Now, it's time for Kerry McCoy to get all Up In your Business.

[INTERVIEW]

[0:00:23.9] KM: Thank you Jesse. Like Jesse said, I’m Kerry McCoy and it’s time for me to get up in your business. If you listen to the show with regularity, you may notice that Jesse is sitting in for my usual co-host, Tim. Today, Jesse will be doing it all; running the board, recording the show and taking your phone calls. Feel free to give him a grade at flagandbanner.com.

[0:00:44.1] J: Uh-oh.

[0:00:46.8] KM: If right now you’re sitting at your computer, you might want to watch us live on flagandbanner.com’s Facebook page. It’s fun to see what goes on behind the scenes. Today, there’s a lot going on. Roger Robinson is a guest technician and a friend to our show and he’s in the studio and he’s got three cameras going and we’re going to have a professional Facebook feed, as soon as he logs in to flagandbanner.com’s Facebook page. If you’re sitting at your computer, get ready. We’ll be going live there in just a second.

Also joining Flag and Banner’s team here is my long-time neighbor in Downtown Little Rock, Arkansas, the good people at AB Arkansas Marty. He is over there watching the levels. When we do get on Facebook, you’re going to be shocked at how many people are in this hot room. It’s a hot room and a lot of people breathing. You all quit breathing. Hot air over there.
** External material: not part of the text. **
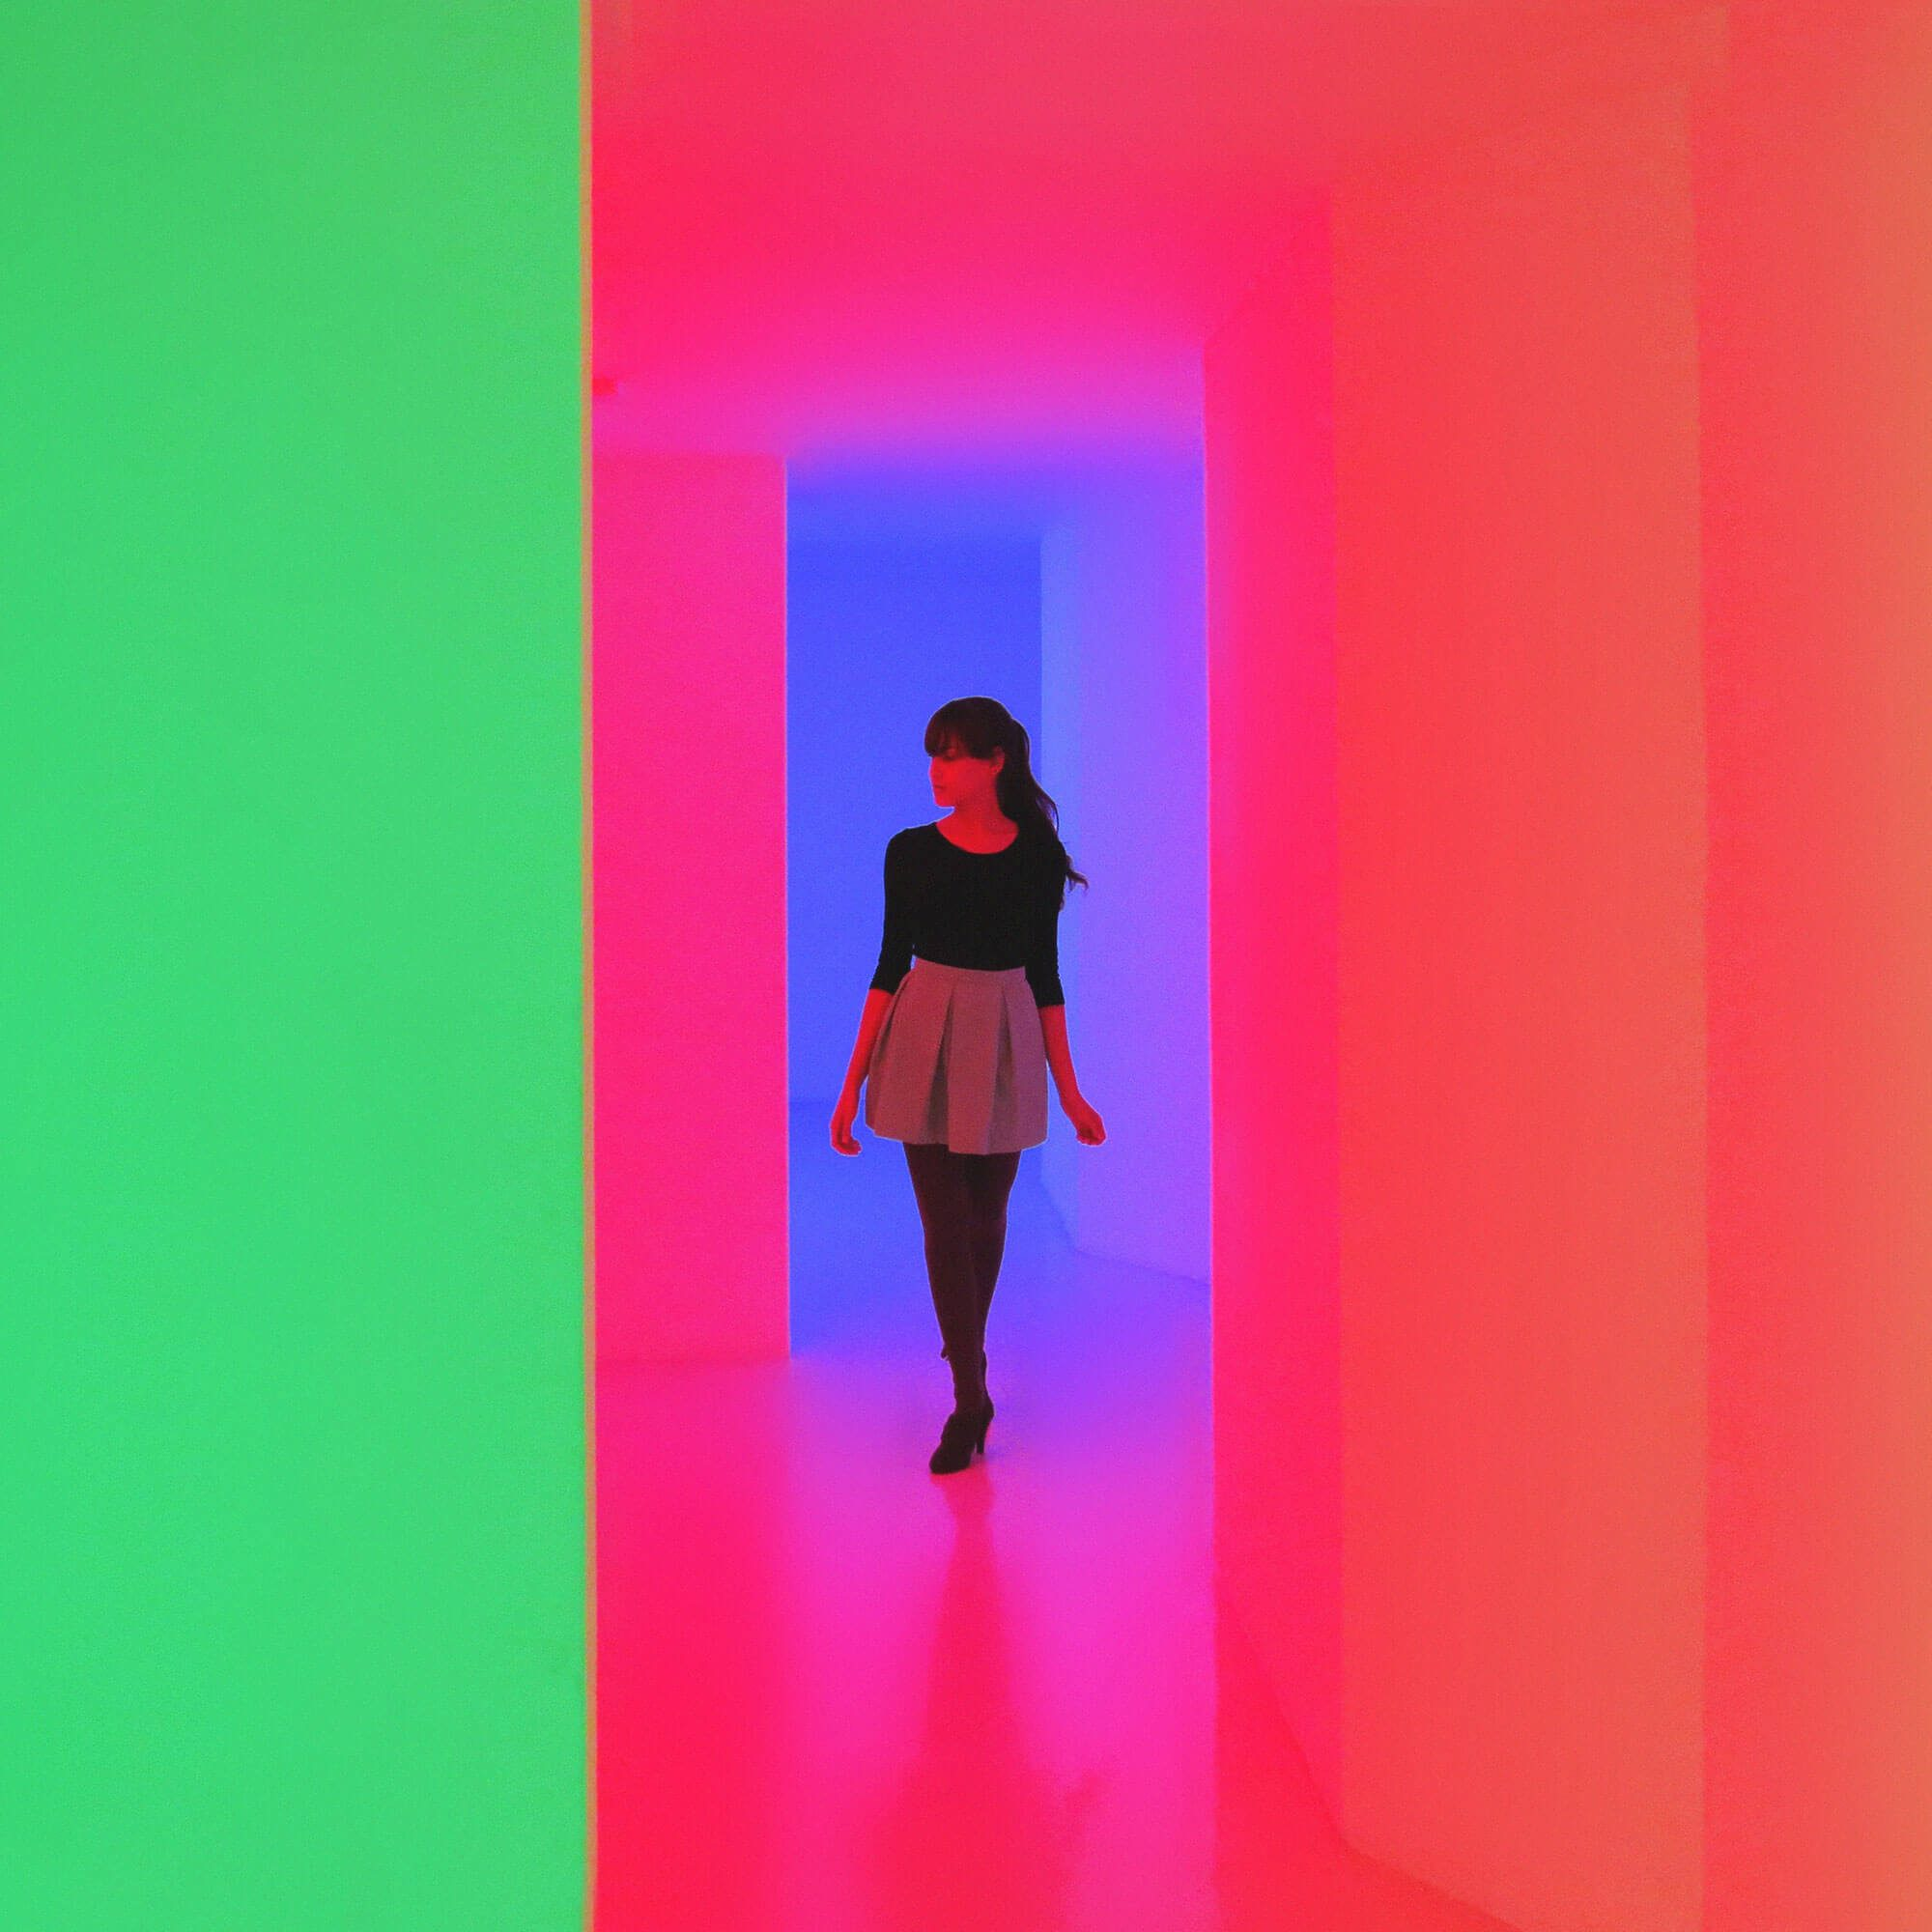 Girl in vibrant corridor

This show Up In your Business with Kerry McCoy began with entrepreneurs in mind, a platform for me, a small business owner and a guest to pay forward our experiential knowledge in a conversational way. As with all new endeavors, it’s had some unexpected outcomes, good outcomes. For instance, the show began with entrepreneurs and want to be entrepreneurs in mind, but we found it has a much wider appeal, because after all, who isn’t inspired by every day people’s American-made stories.

Another discover that I find interesting is that many, many of my guest have a spiritual bent and the heart of a teacher. Last, that business in of itself is creative. My guest entrepreneur today, Miss Anita Davis is uber creative, evident by all the restoration and changes she’s made to the once abandoned part of Downtown Little Rock, Arkansas, now known as SOMA, or South on Main.

If you’re just tuning in for the first time, you may be asking yourself what’s this lady’s story and why should I listen? Well, Jesse is here to tell you.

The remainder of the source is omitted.